== TASK GOAL ==
When you write out the listing, keep every character and omit the pictures.

== INFORMATION PROVIDED ==
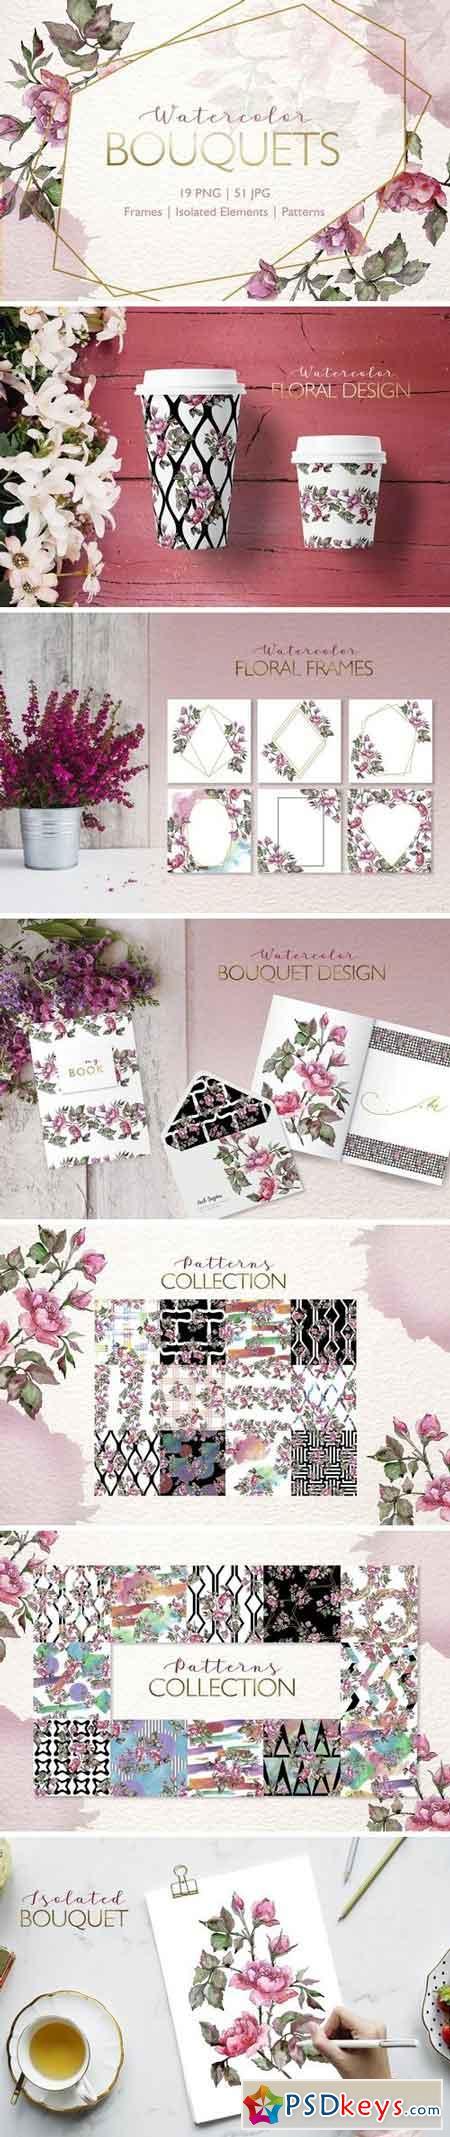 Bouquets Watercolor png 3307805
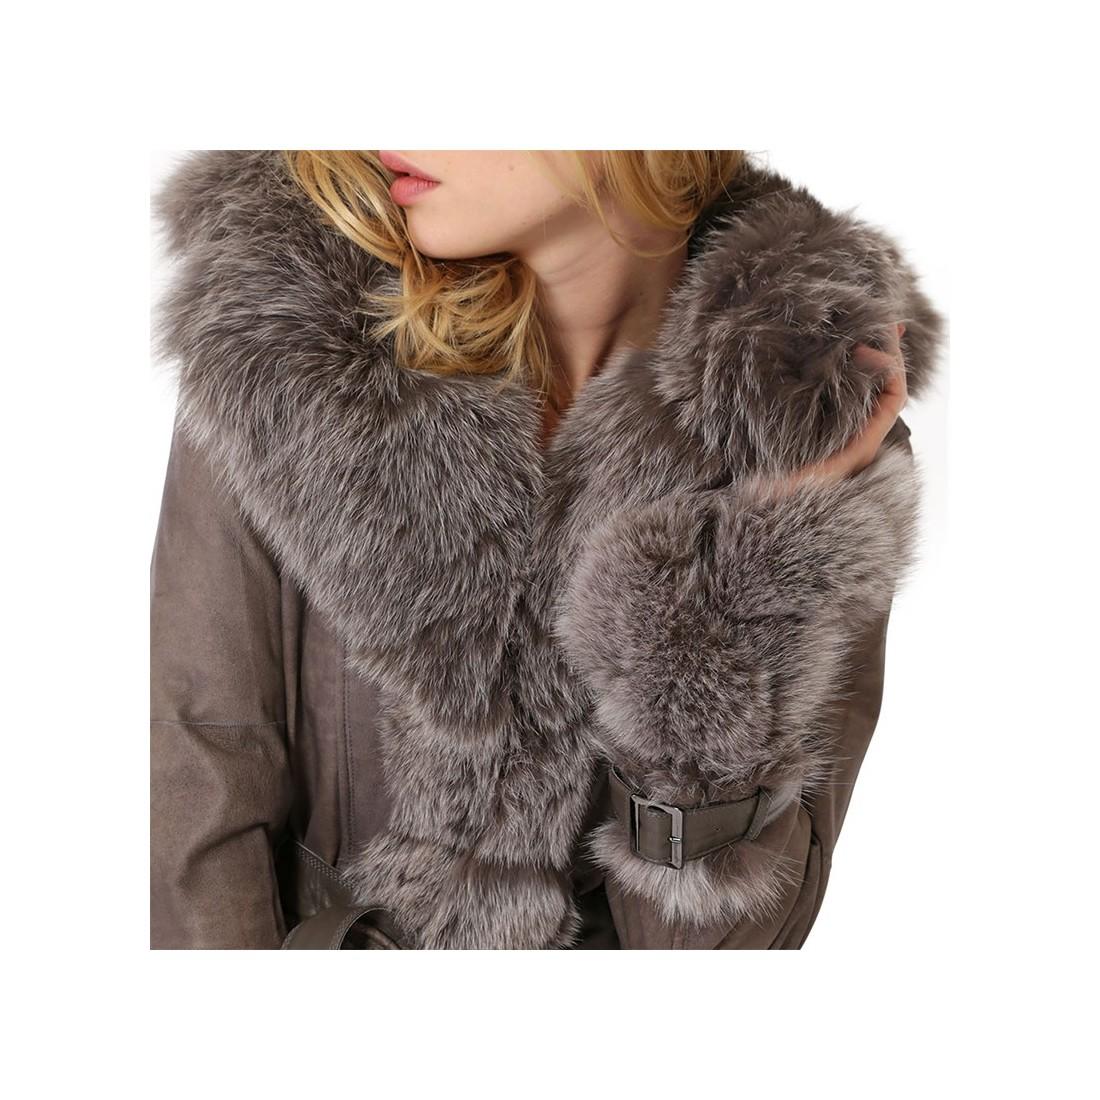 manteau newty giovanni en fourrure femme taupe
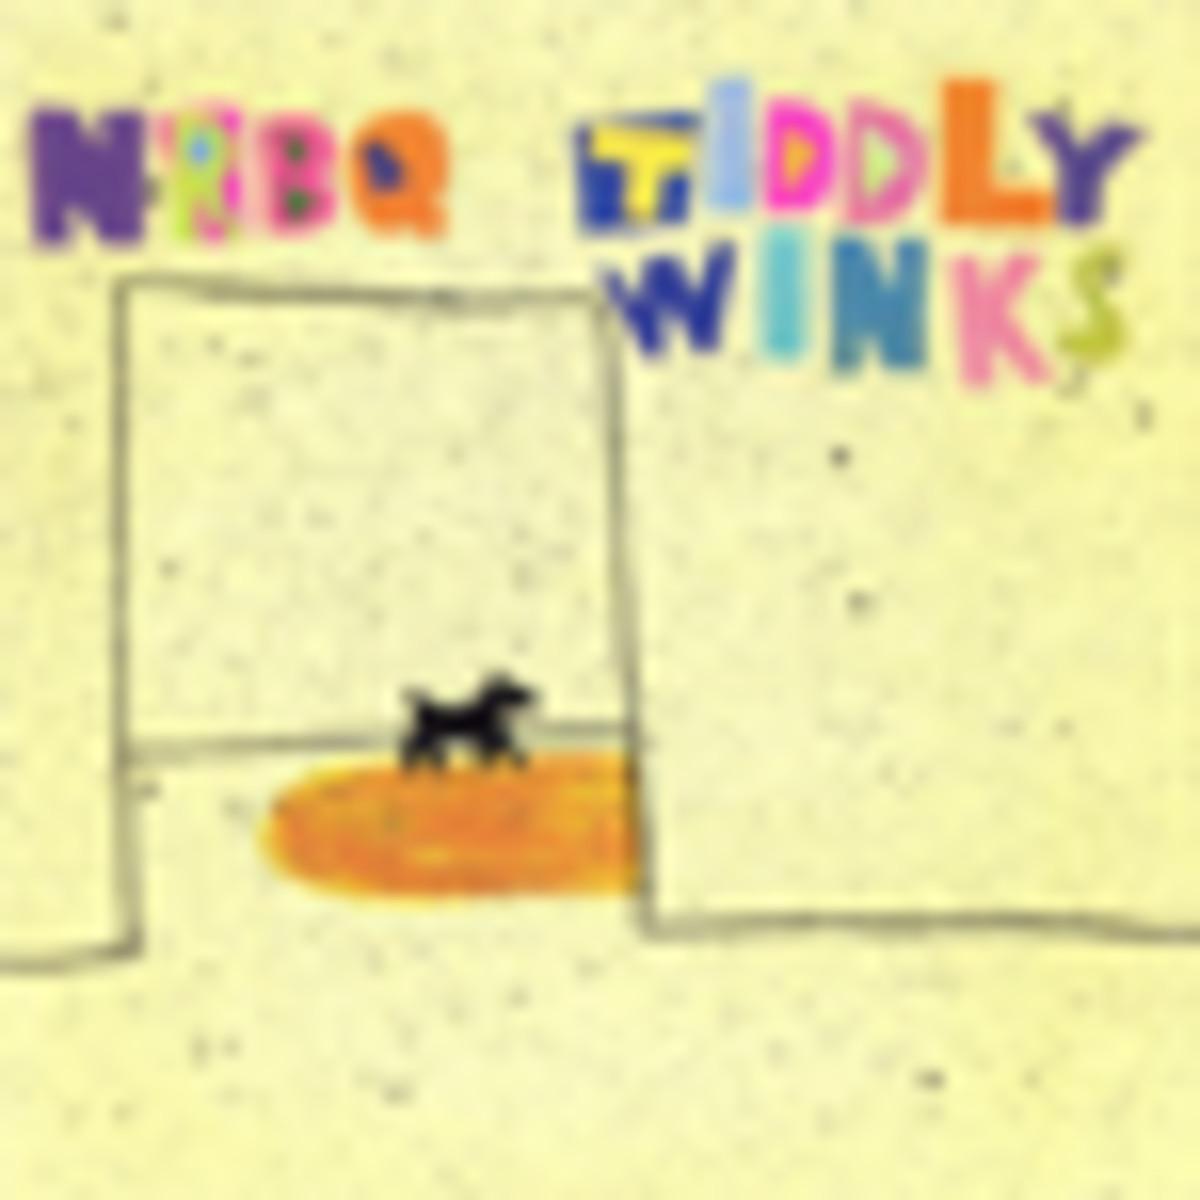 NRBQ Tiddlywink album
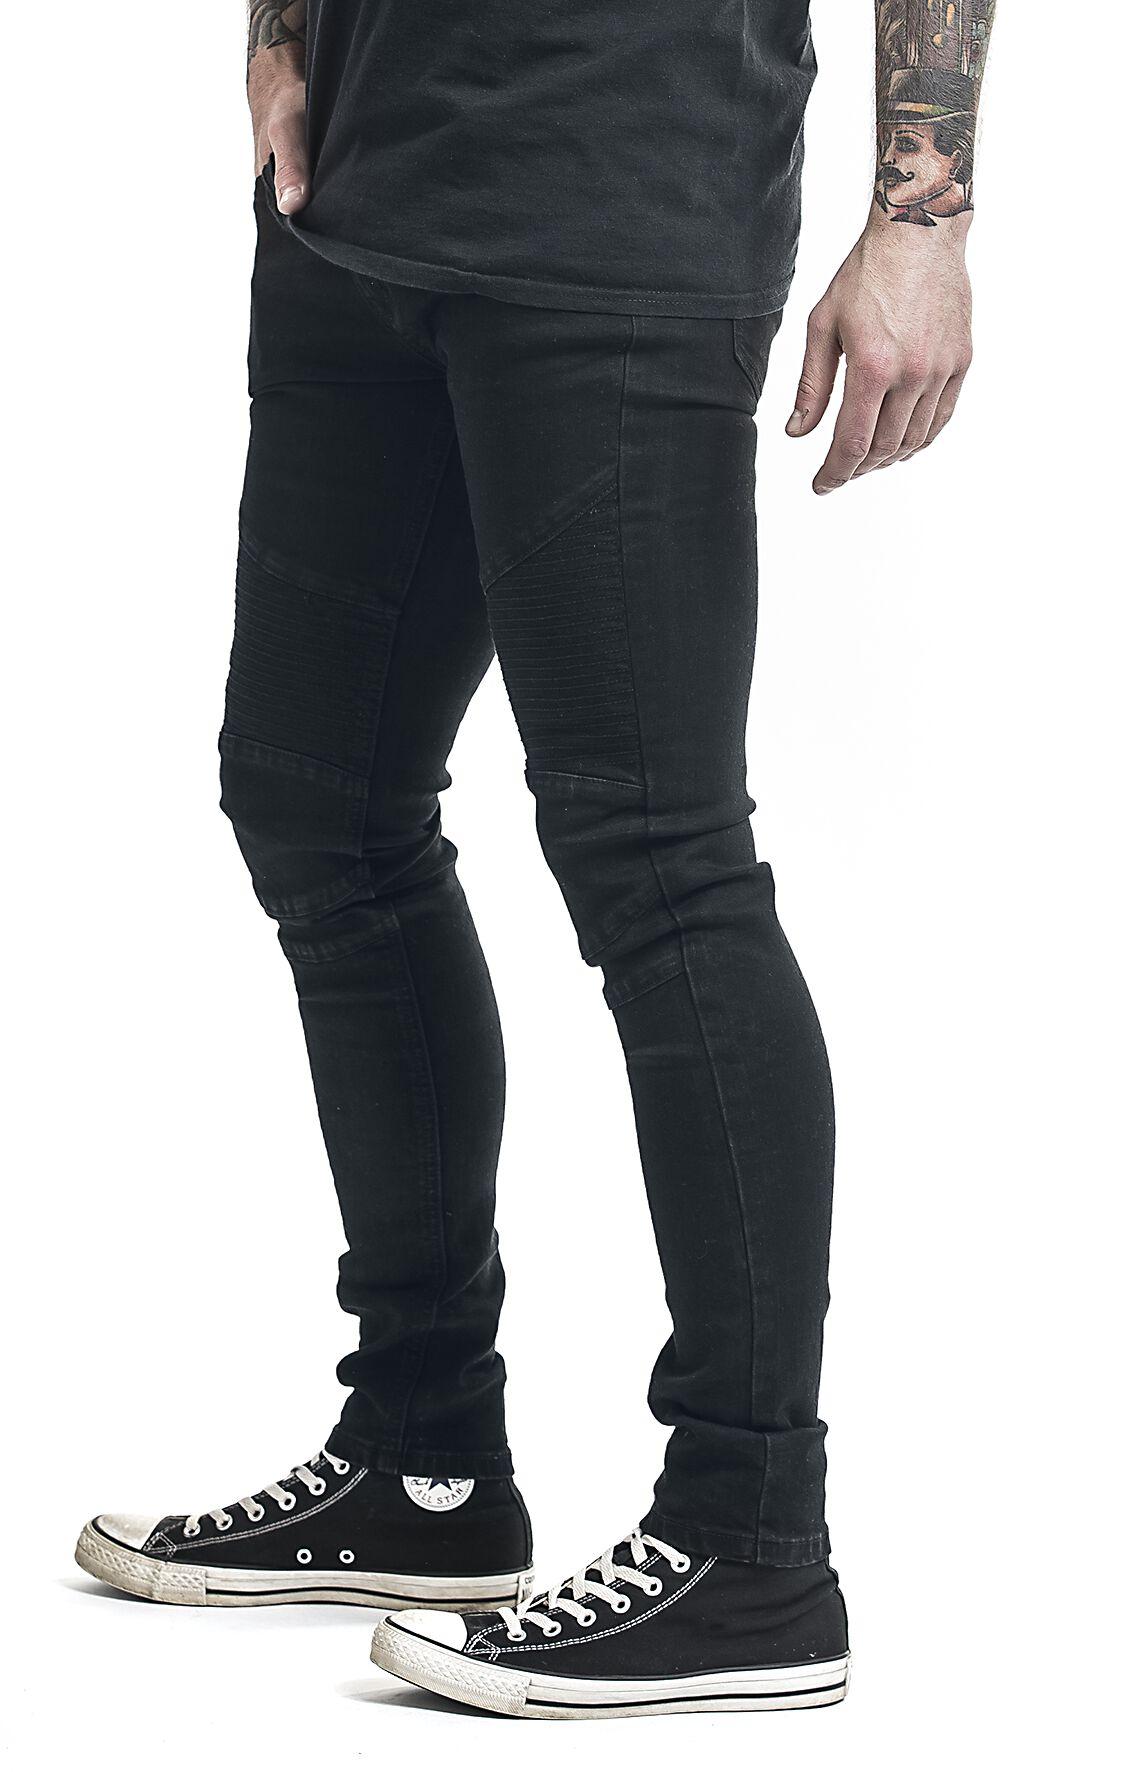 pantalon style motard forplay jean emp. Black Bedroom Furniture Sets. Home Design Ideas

== RESPONSE TO THE EXERCISE ==
 Bouquets Watercolor png 3307805
 manteau newty giovanni en fourrure femme taupe
 NRBQ Tiddlywink album
 pantalon style motard forplay jean emp. Black Bedroom Furniture Sets. Home Design Ideas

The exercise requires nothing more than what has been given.